Я сосредоточенно читал шиндлеровскую биографию Бетховена, мещанскую по своему духу, но занимательную, как анекдот, и по существу поучительную книгу. Глава о Кречмаре была на полном ходу, однако записи тех дней говорят об усталости и подавленности, о намерении временно оставить роман, продвижение которого я форсировал, и заняться вашингтонской лекцией, назначенной мною на осень, — в надежде, что с окончанием этой работы у меня снова появится вкус к «дьявольской книге». «После семнадцати страниц первый бурный прилив ослаб. Кажется, нужна передышка, но и ни на что другое я сейчас не гожусь». Тем не менее одна небольшая, отвечавшая моим товарищеским чувствам работа была выполнена очень быстро. Эмиграция готовилась к празднованию шестидесятилетия Альфреда Деблина, и для альбома рукописных поздравлений, заботы о котором взял на себя Бертольд Фиртель, я исписал прекрасный, ин — фолио, лист пергамента свидетельствами искреннего уважения к могучему таланту автора «Валленштейна» и «Берлин, Александерплатц», влачившего в Америке унизительно неприглядное существование. Я присутствовал и на самом чествовании, в Плэй — хаузе, на Монтана — авеню, сопровождавшемся обильной программой декламационных и музыкальных номеров. Выступал и мой брат Генрих, а закончился вечер изящной и приятной речью самого виновника торжества. «Затем — на bowPe[143]», — записано в дневнике. «Разговор с Деблином и Эрнстом Тохом о музыке последнего. Удивляет его восхищение “Палестриной” Пфитцнера. Слишком, мол, превозносят атональность. Она несущественна. Вечно — романтическое начало музыки…»

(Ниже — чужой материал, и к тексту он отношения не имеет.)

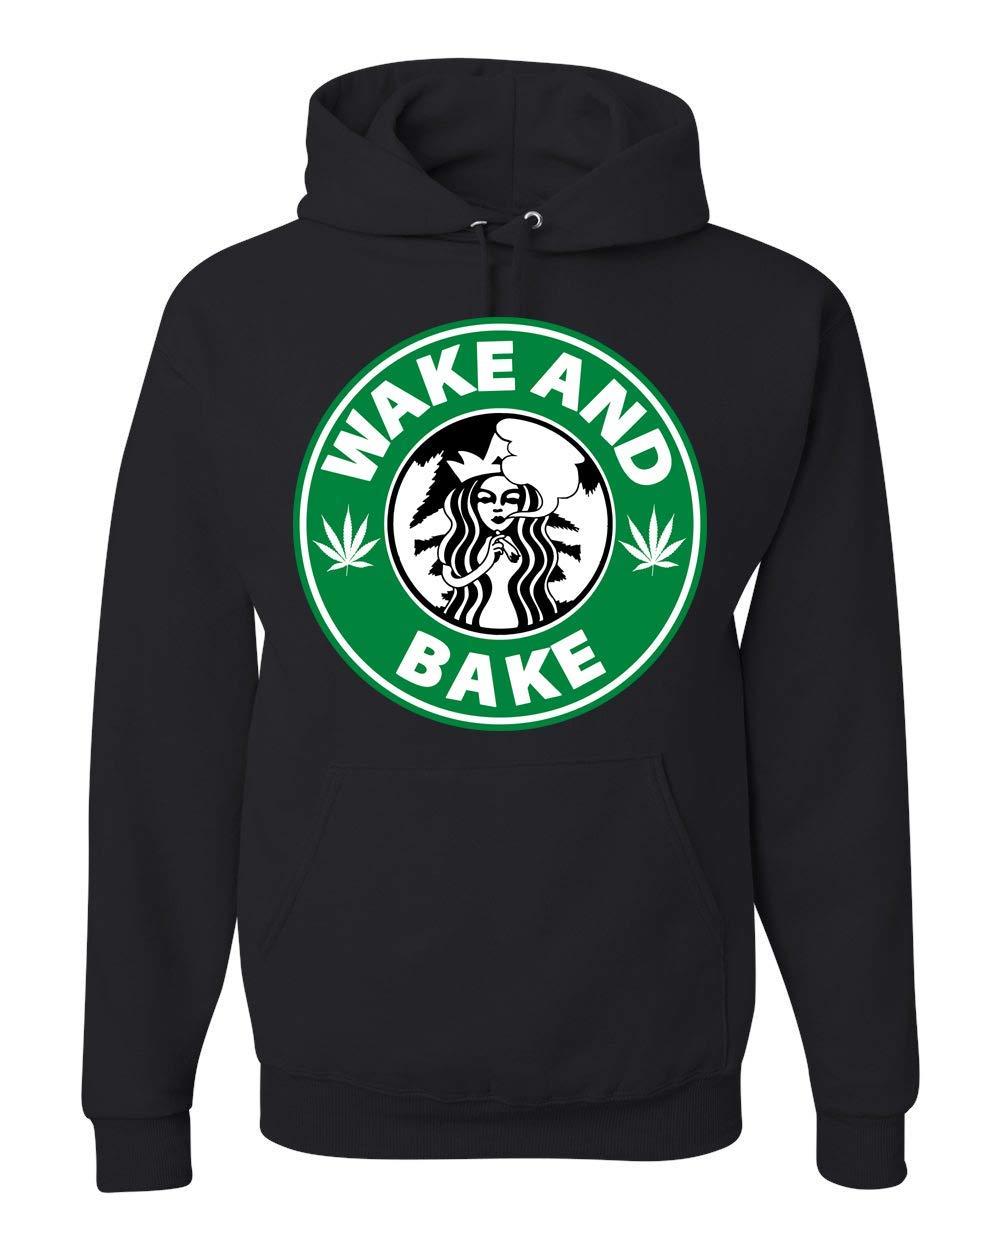 Memetic Adult Wake And Bake Hooded Shirts

Я занялся наметками к лекции и ее организацией, Речь идет о докладе, опубликованном позднее в «Атлантик Мансли» под заголовком «What is German»[144]. Я диктовал его жене и собственноручно вставлял дополнения, а закончив диктовку, опять, после двухнедельного перерыва, сел править и продолжать роман. Чтение старых его глав таким восприимчивым слушателям, как Бруно и Лизель Франки, должно было как?то поднять тонус. «Встревоженность — вот оно, надлежащее, органичное для этой книги состояние». Тревогу, однако, внушали также и внешние обстоятельства, скрытые политические токи войны, к которым, как всегда, перешла беседа от личных проблем. «Говорил с друзьями о плохом отношении к России, о недостатке единства, о недоверии из?за отсутствия настоящего второго фронта, об отозвании Литвинова и Майского. Такое впечатление, что дело идет уже не столько об этой войне, сколько о подготовке следующей…» Это написано в августе 1943 года…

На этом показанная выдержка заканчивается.